Jeremy Waldron, constitucionalista neozelandés, reconocido por sus aportes al derecho constitucional,
realiza una elegante crítica sobre el control judicial de constitucionalidad que, actualmente, en el caso de
Bolivia, adquiere una relevancia connotada. En efecto, en su libro titulado ‘Contra el Gobierno de los
Jueces’, cuestiona si es democrático que una mayoría de jueces, que no son representativos de una
nación y que en muchos casos son elegidos por mecanismos poco idóneos, decidan sobre la
constitucionalidad de una ley o la extensión de derechos que afectan a millones de personas; de
hecho, Waldrom sostiene que este accionar de la jurisdicción constitucional, debía verse como una ofensa
a la democracia y un insulto a la ciudadanía políticamente comprometida. El cuestionamiento que
sustenta esta idea es el de cómo se pueden dejar estos derechos constitucionales a merced de una
‘pequeña’ mayoría.
De hecho uno de los argumentos centrales de Waldrom refiere que si bien se dice que los jueces que
conforman una Corte toman decisiones con base en argumentos, algo así como una aristocracia de la “razón”,
como bien señala el autor, “en definitiva todo se reduce a contar cabezas” porque, por ejemplo “en la Corte
Suprema de los Estados Unidos, cinco votos vencen a cuatro, independientemente de los argumentos
esgrimidos por los jueces” (p. 106). Este es un factor clave para entender la crítica que se propone, ya que
los jueces deciden bajo el criterio del mayoritarismo. De manera que la famosa tiranía de la mayoría que
suele argumentarse para sustentar los poderes activistas de los jueces que limitan la labor legislativa se
vuelve muy dudosa. En efecto, los tribunales también pueden actuar de manera tiránica. A veces, hasta más
tiránicos que un parlamento.
En el caso de Bolivia, la génesis del Tribunal Constitucional la reforma constitucional del ’94 y la Ley No.
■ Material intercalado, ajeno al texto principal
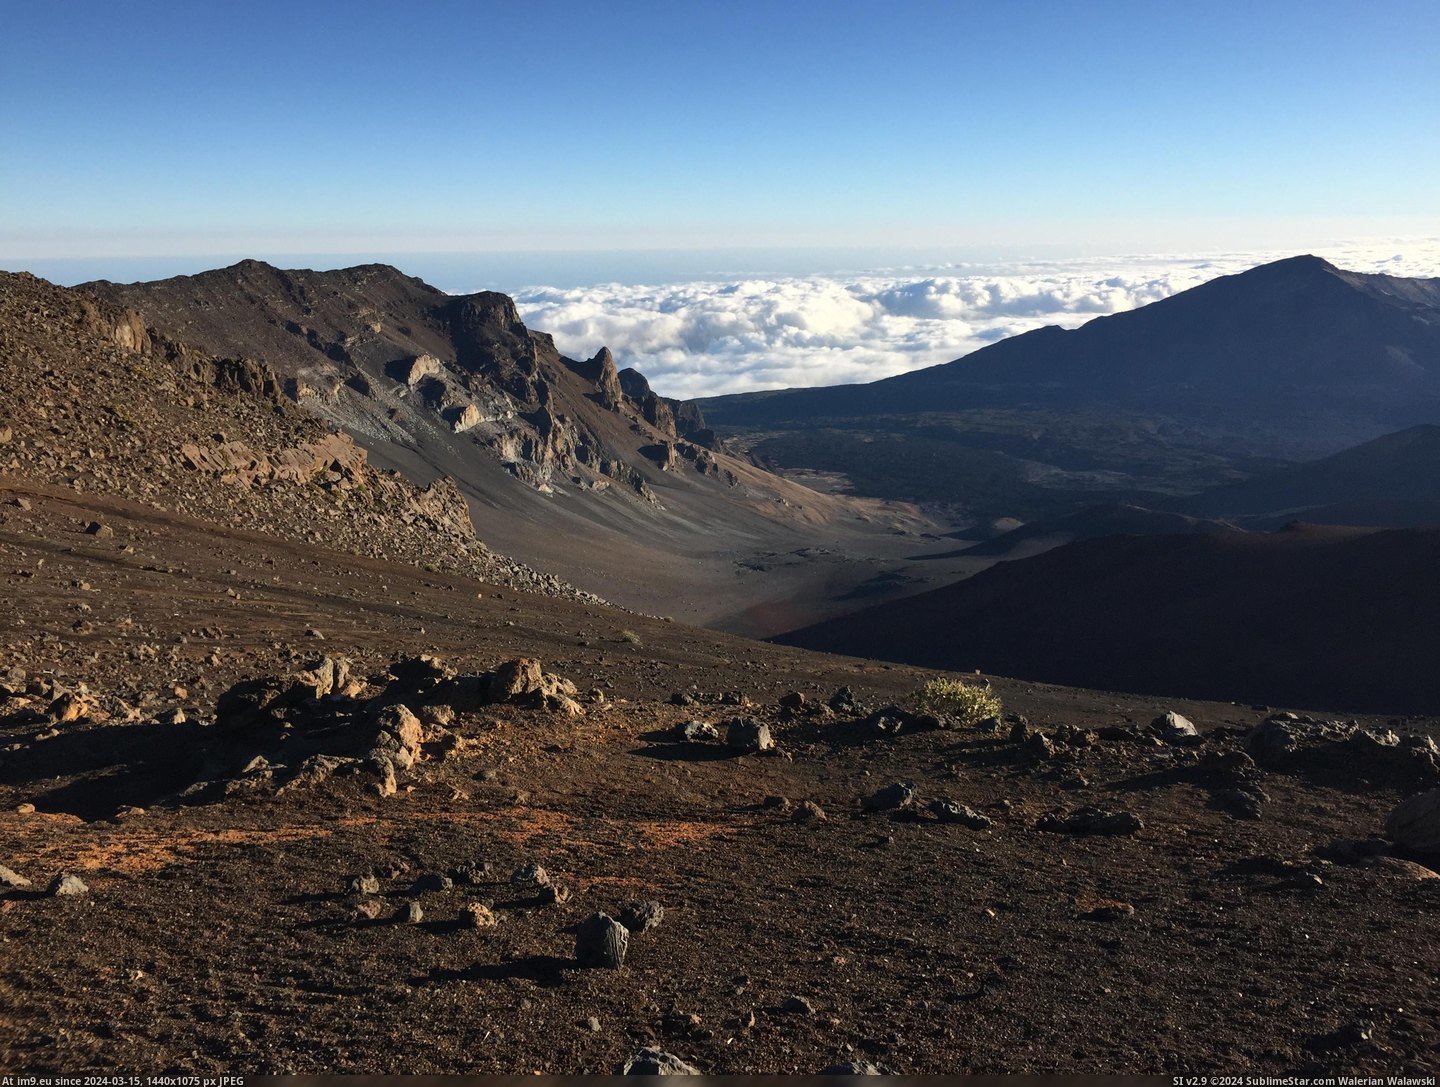 #3264x2448 #Feels #Crater #Maui #Haleakala #Hawaii #Mars [Earthporn] Feels like you are on Mars. Haleakala Crater, Maui, Hawaii.  [3264x2448] Pic. (Изображение из альбом My r/EARTHPORN favs))

1836, generó una profunda democratización, modernización y constitucionalizacion del orden jurídico,
empero, con el devenir de los años, esta noble institución de control constitucional, degeneró en una suerte de
‘caja de resonancia’ del poder político, emitiendo muchos fallos a ‘la carta’, con móviles político/partidarias,
influidos por la injerencia de actores que contaminan la independencia jurisdiccional, al punto tal que en la
actualidad, resulta más ‘fácil’ y cómodo, definir ciertos temas o problemas de carácter colectivo mediante
una sentencia constitucional que mediante el debate público en el Parlamento; es más, en su momento se han
creado incluso las Salas Constitucionales en cada departamento, como una forma destinada únicamente a
centralizar, controlar y monopolizar el desarrollo de los problemas públicos.
Estos hechos, por ende, nos obligan a pensar en una necesaria reforma constitucional que posibilite una
reingeniería de estos ‘órganos extra-poder’ (Nestor Pedro Sagüez), limitando sus facultades, cambiando su
forma de elección, incorporando como dice Waldrom un ‘modelo de dialógico entre jueces y legisladores’
además de determinar un régimen de responsabilidades efectivo, que permita sancionar excesos jurídico que
lejos de fortalecer nuestro sistema político, lo pervierten.